Supreme Court Deadlock Blocks Obama's Immigration Reforms

Undocumented mothers rally for DAPA last month.
Undocumented mothers rally for DAPA last month.
Meagan Flynn

The U.S. Supreme Court split evenly Thursday morning in deciding whether President Barack Obama's executive-action immigration reforms were within his authority — but because of the 4-4 tie, the high court deferred to a lower court ruling that blocked them.

Texas sued the federal government last year over Obama's November 2014 Deferred Action for Parents of Americans program and the expansion of its sister reform, Deferred Action for Childhood Arrivals. Each provided temporary work permits and driver's licenses to thousands of undocumented immigrants and shielded them from deportation.

But in February 2015, U.S. District Judge Andrew Hanen in Brownsville suspended the reforms with a preliminary injunction, agreeing with Texas that Obama had tried to rewrite immigration laws and had overstepped his role. The state also argued that issuing thousands of additional driver's licenses was too much of a burden.

In the case of a tie in the Supreme Court, justices defer to the lower court's ruling — meaning Hanen's injunction against all of DAPA and the expansion of DACA will remain in place. The Supreme court is short-handed, with eight members, following the death of conservative Justice Antonin Scalia in February.

Despite the ruling, advocacy groups vowed to continue fighting for the thousands of immigrants left to live fearing separation from their families. Because the Supreme Court deadlocked, the justices' decision is not precedent-setting, and once the court again has nine members, the tie does not rule out a future challenge to Hanen's injunction.

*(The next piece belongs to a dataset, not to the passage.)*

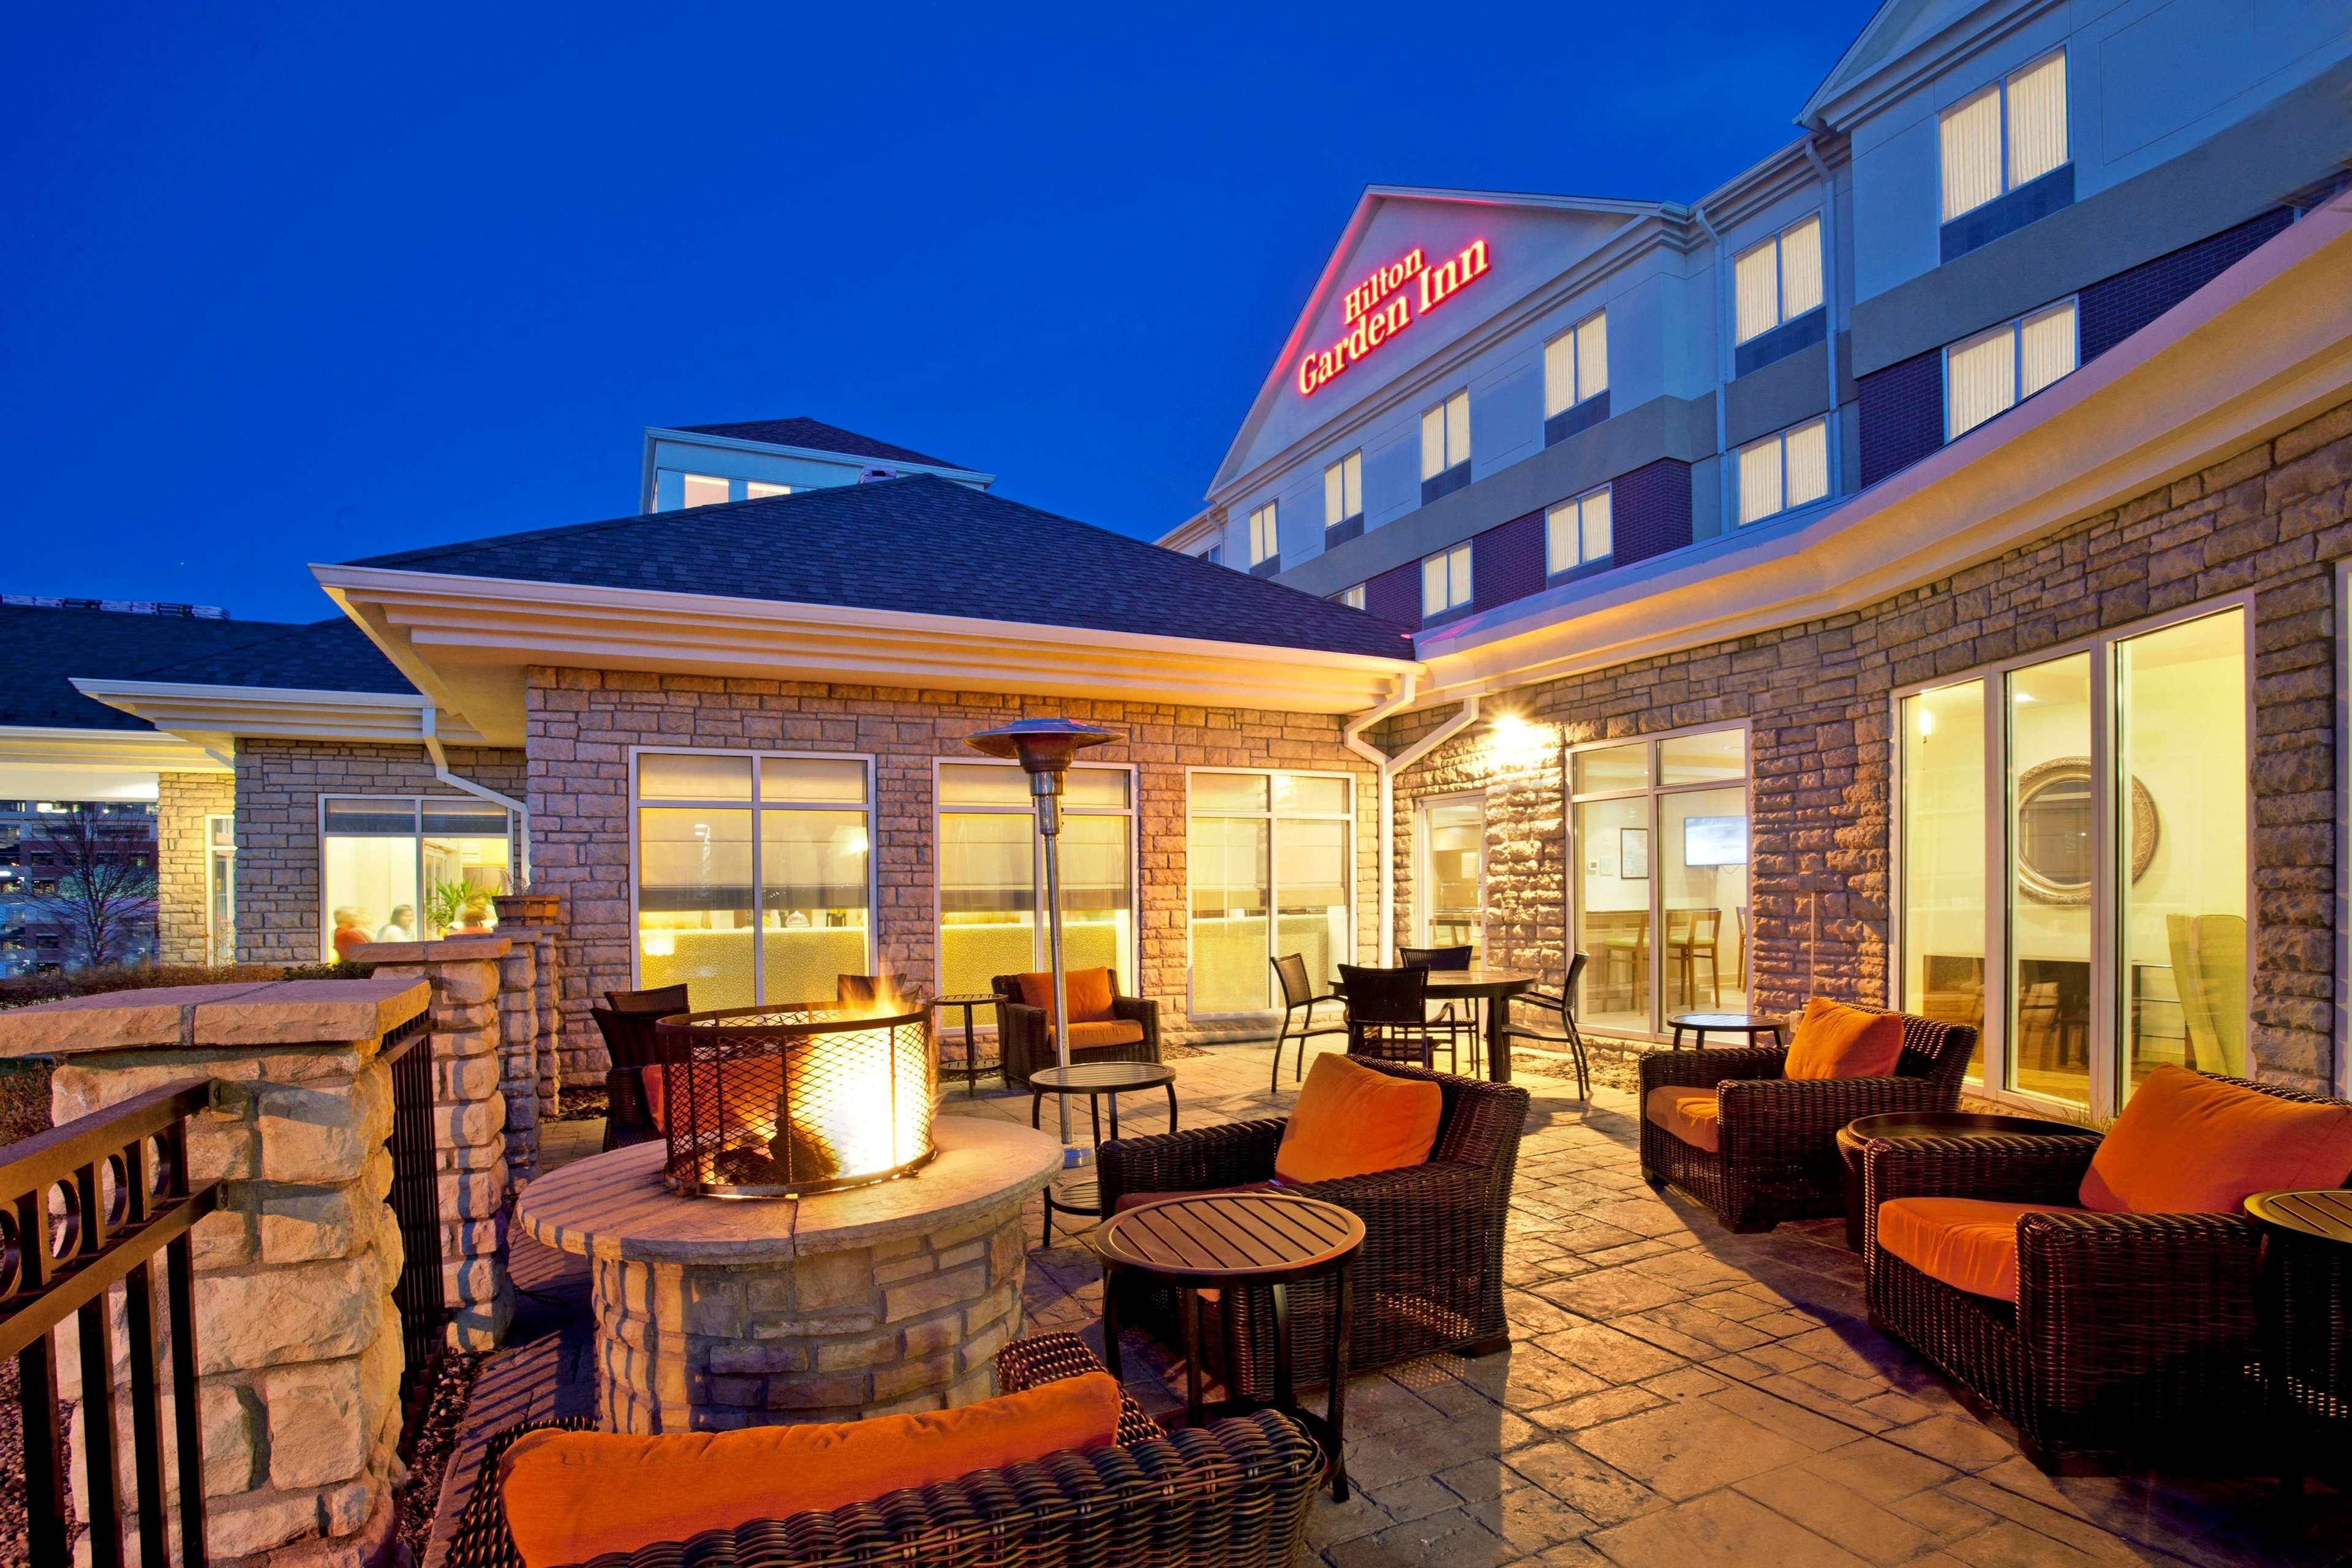 Hilton Garden Inn Fort Collins image 35

“This all about politics for our opponents, but for the millions of immigrant families in Texas, it’s personal," Elsa Caballero, president of Service Employees International Union, which frequently advocates for undocumented immigrants, said in a statement. "From Trump to extremist Republicans who continue to spout anti-immigrant rhetoric and policies, we will deliver our response at the ballot box come November."

Texas officials, including Attorney General Ken Paxton, lauded the court's decision.

“Today’s decision keeps in place what we have maintained from the very start: One person, even a president, cannot unilaterally change the law," Paxton said in a statement.

Waiting for the Supreme Court's decision, many undocumented immigrants came together for rallies, urging the high court to keep their families safe. At one such rally in north Houston, Gabriela Contreras said she feared even to leave her home to go pick up her kids from school, afraid she would be stopped for a traffic ticket and would never make it there. Another mom who would have benefited from DAPA said she couldn't give her children a Christmas last year because the charity that provided presents said it couldn't help her unless she had a valid ID.

Yet another, Patricia Lopez, was a single mother with two severely disabled children, who would not be able to go back to Mexico with Lopez should she be deported, because the family relies on specialized doctors here in the States.

“I know they can be put up with foster parents, but it's not the same thing," Lopez said.  "They just take care of them, but they don't love them. The love, it makes a big difference.”